Peraturan Pemerintah Nomor 40 Tahun 2013 ini juga menegaskan, negara wajib memberikan perlindungan kepada Saksi, Pelapor, penyidik BNN, penyidik Polri, penyidik pegawai negeri sipil tertentu, penuntut umum dan hakim yang memeriksa perkara tindak pidana narkotika dan prekursor narkotika beserta keluarganya dari kemungkinan ancaman yang membahayakan diri, jiwa, dan/atau hartanya, baik sebelum, selama, maupun sesudah proses pemeriksaan perkara.

“Perlindungan juga berlaku bagi saksi ahli dan petugas laboratorium beserta keluarganya,” bunyi Pasal 35 Ayat (2) PP ini.

Perlindungan ini selain menyangkut pengamanan terhadap diri pribadi, keluarga, dan harta, juga menyangkut kerahasiaan identitas saksi dan pelapor; dan/atau pemberian keterangan saksi/pelapor dalam proses pemeriksaan perkara tanpa bertatap muka dengan tersangka atau terdakwa.

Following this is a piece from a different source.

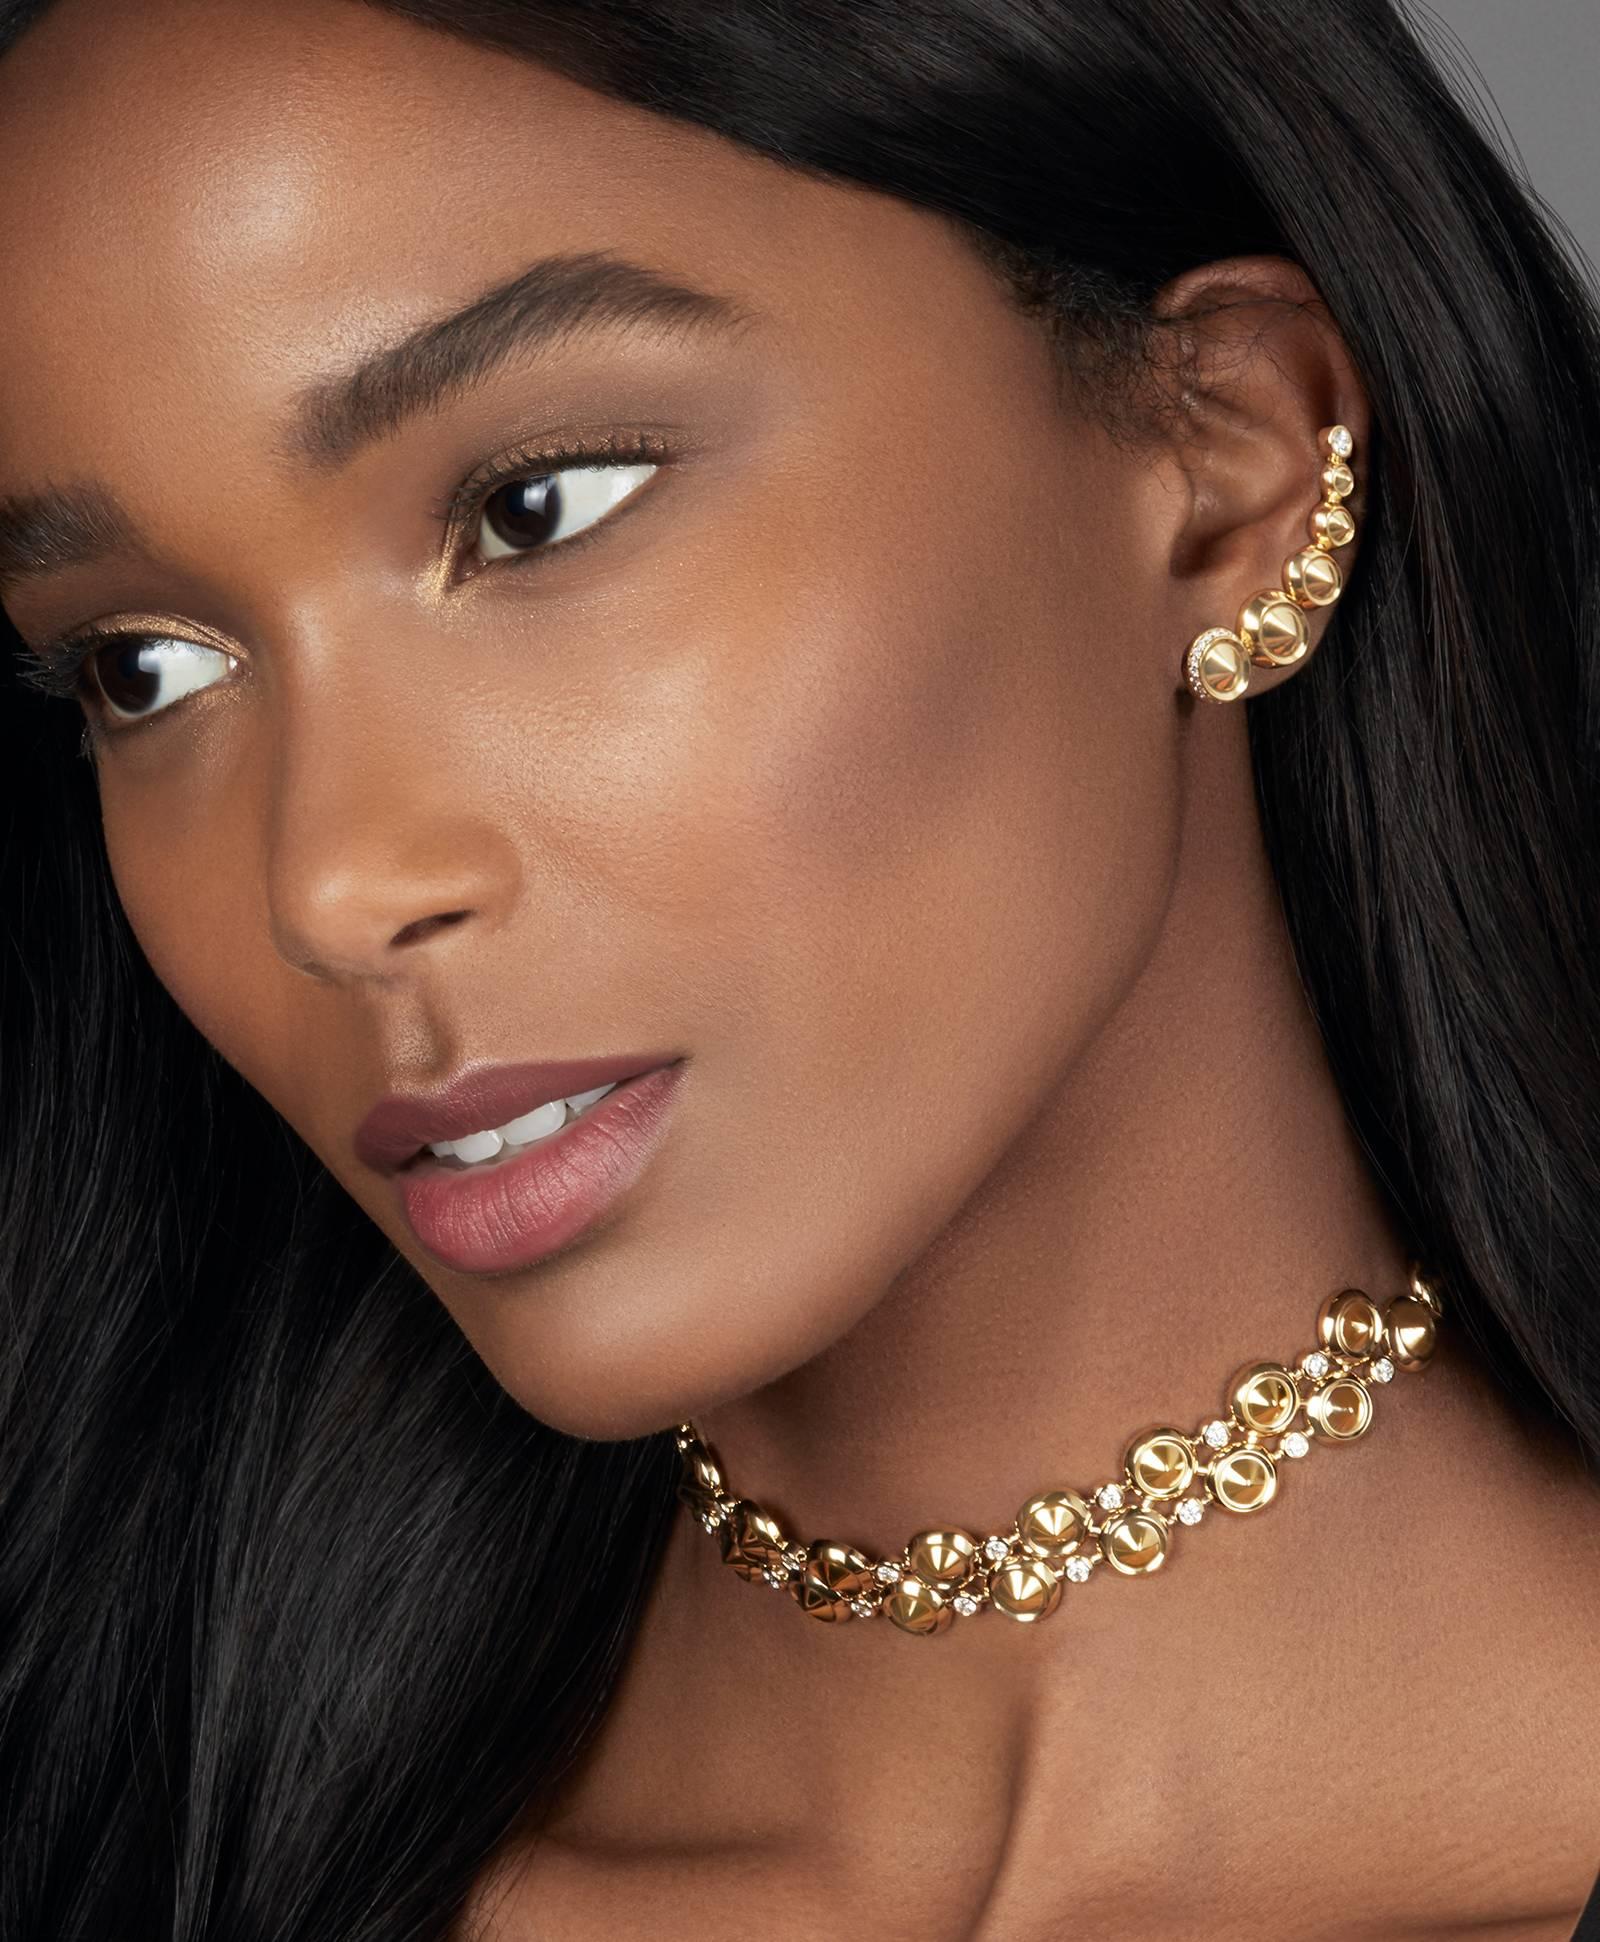 Strikingly feminine and elegant, the Sahara collection from VANLELES is crafted entirely from fair trade gold and ethically sourced diamonds. Inspired by rooftop nights under the Sahara sky, this collection draws its unique design from traditional

“Perlindungan dilakukan oleh pejabat Polri yang wilayah kerjanya meliputi tempat tinggal/tempat kerja Saksi, Pelapor, penyidik BNN, penyidik Polri, penyidik pegawai negeri sipil tertentu, penuntut umum dan hakim yang memeriksa perkara tindak pidana narkotika dan prekursor narkotika, ahli dan petugas laboratorium beserta keluarganya,” bunyi Pasal 38 Ayat (1) PP ini.

Disebutkan dalam PP ini, segala biaya berkaitan dengan perlindungan terhadap Saksi, Pelapor, penyidik BNN, penyidik Polri, penyidik pegawai negeri sipil tertentu, penuntut umum dan hakim, ahli dan petugas laboratorium beserta keluarganya dibebankan pada Anggaran Pendapatan dan Belanja Negara (APBN).